Not long after the CN0359 became available I mounted one in a black case and used an AC power supply. It measures both temperature with your needed resolution, plus AC conductivity. Both can be measured with either 2, 3 or 4 wire connections to the sensors. The attached picture shows it measuring the conductivity of a 1,000 ohm 0.01% accuracy resistor and the temperature. While I was using a PT1000 RTD for temperature readings, the CN0359 automatically senses when PT100 RTD's are being used and will work with either.
Earlier this year, being happy with my first CN0359 I purchased a second one to be battery powered and mounted in a blue case. It has AD's updated software.
While the best that I have connected is RTD's with 0.1 C accuracy, it is nice to be able to see fine changes in temperature. Plus, if a greater accuracy temperature chamber is available, the CN0359 can be calibrated to meet that standard. I have used precision resistors as another calibration method.

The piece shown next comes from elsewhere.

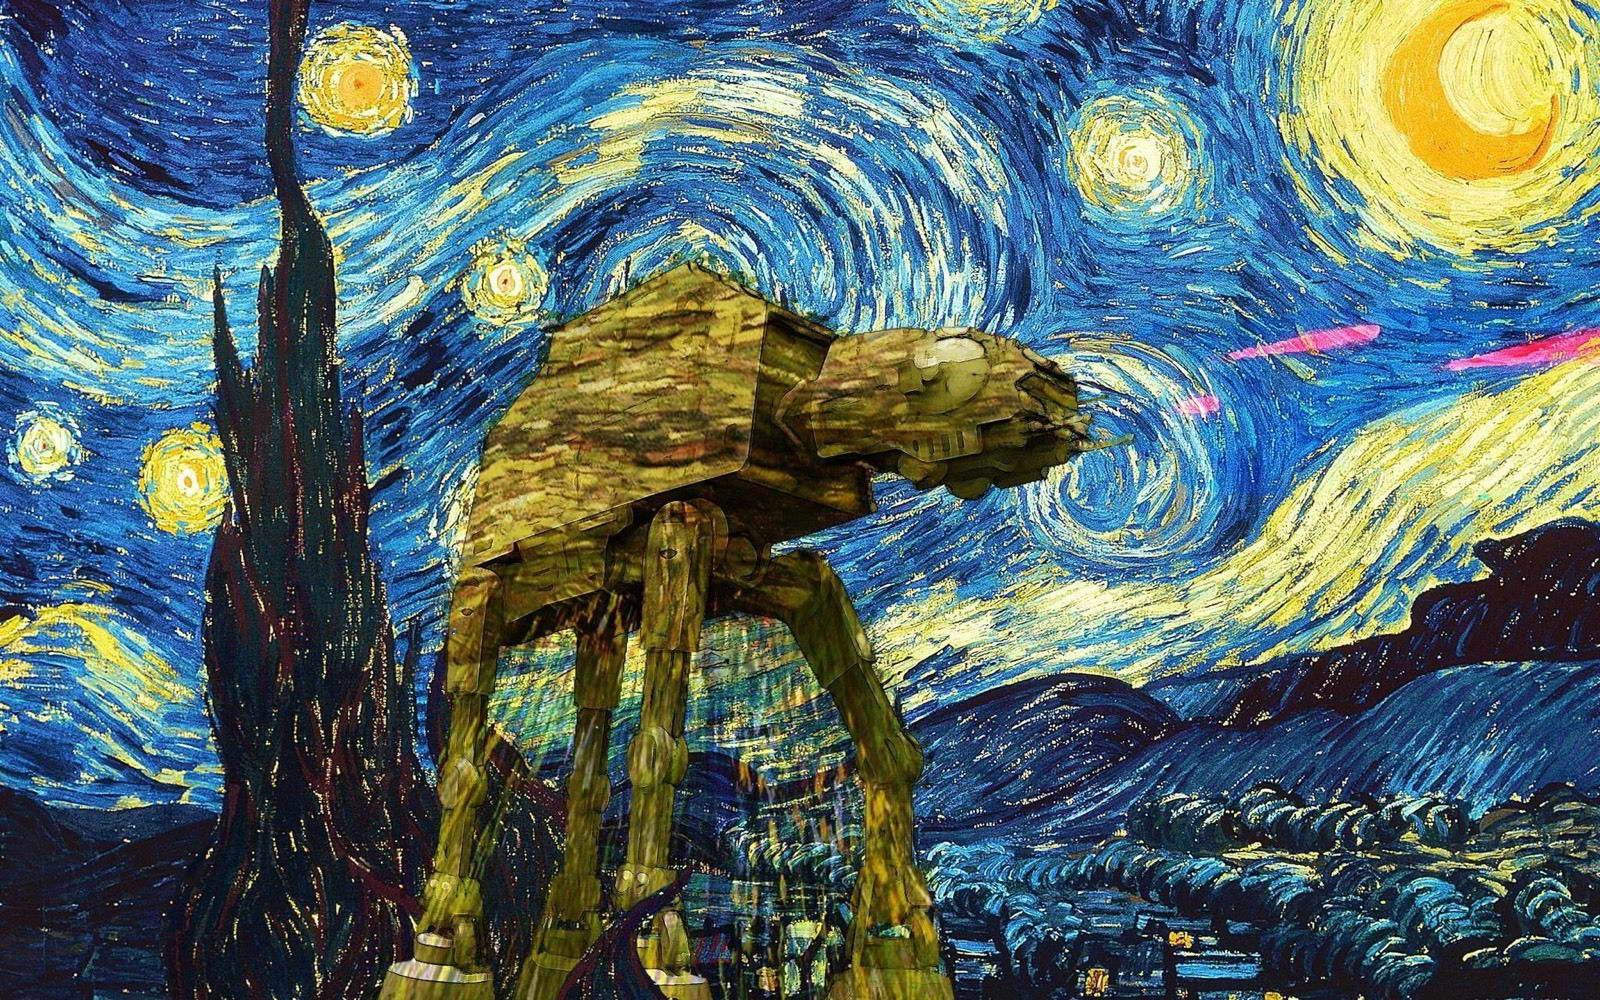 00146 STAR WARS AND VAN GOGH STARRY NIGHT ART IMAGE Poster Print | eBay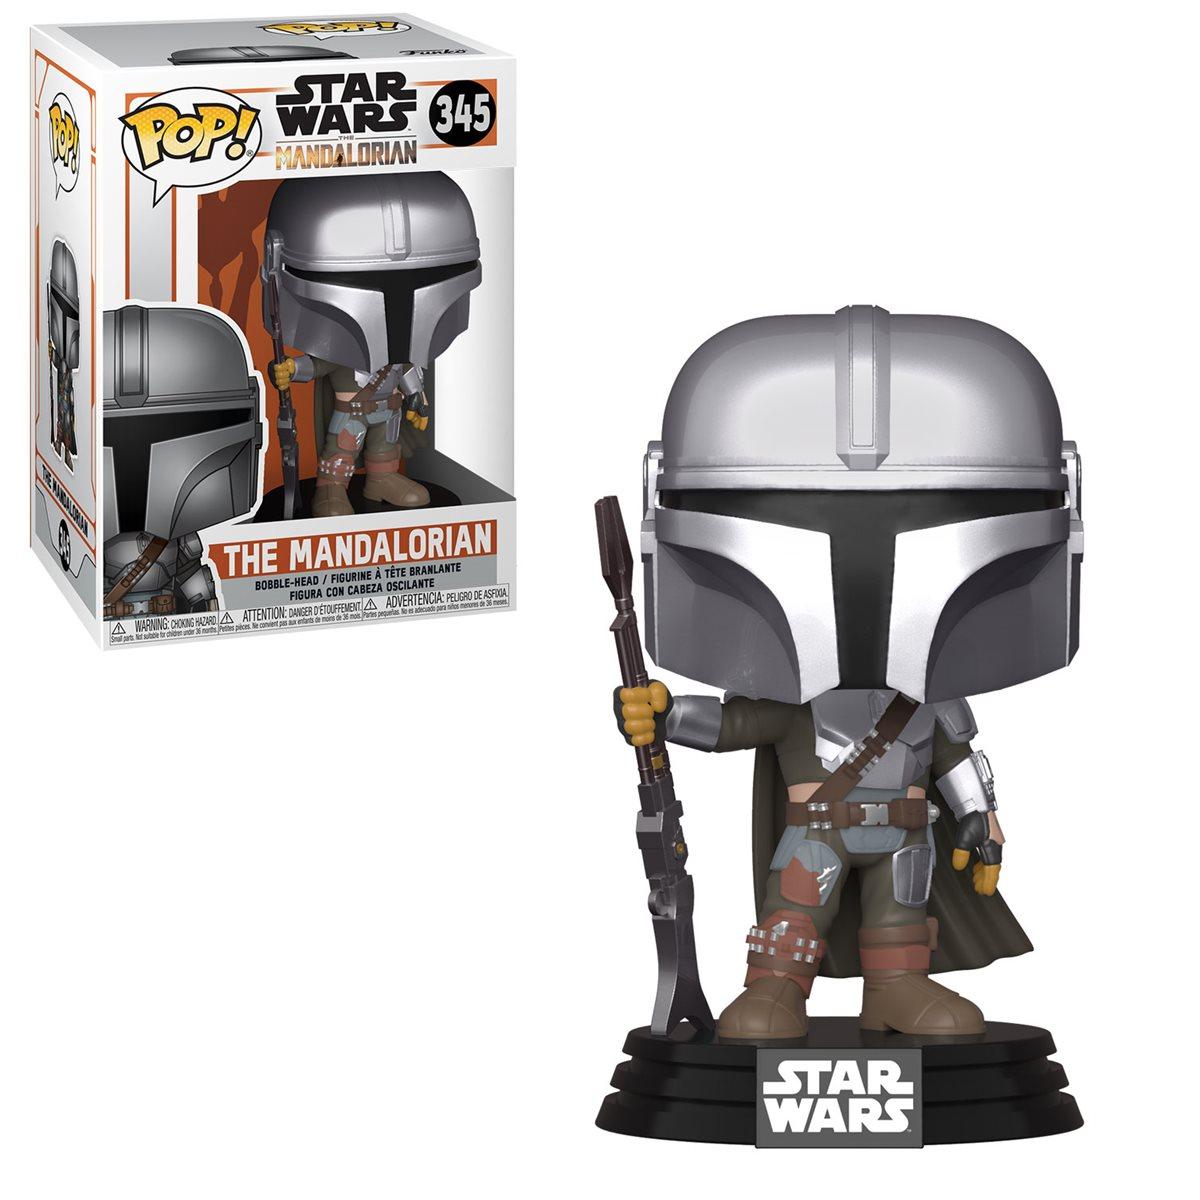 Star Wars The Mandalorian Vinyl Figures IN Stock Funko Pop

I also have a Renesas SDAH02. It measures both temperature and humidity with 0.01 resolution, but 0.2 C temperature accuracy. A picture of its display is attached. Like the CN0359 it is a complete circuit board, without a case. The SDAH02 comes with both sensors while the CN0359 does not come with any. The SDAH02 costs $43.75 while the CN0359 is at $131.25. I have found the CN0359 more accurate with better ability to control the sensor accuracy and positioning.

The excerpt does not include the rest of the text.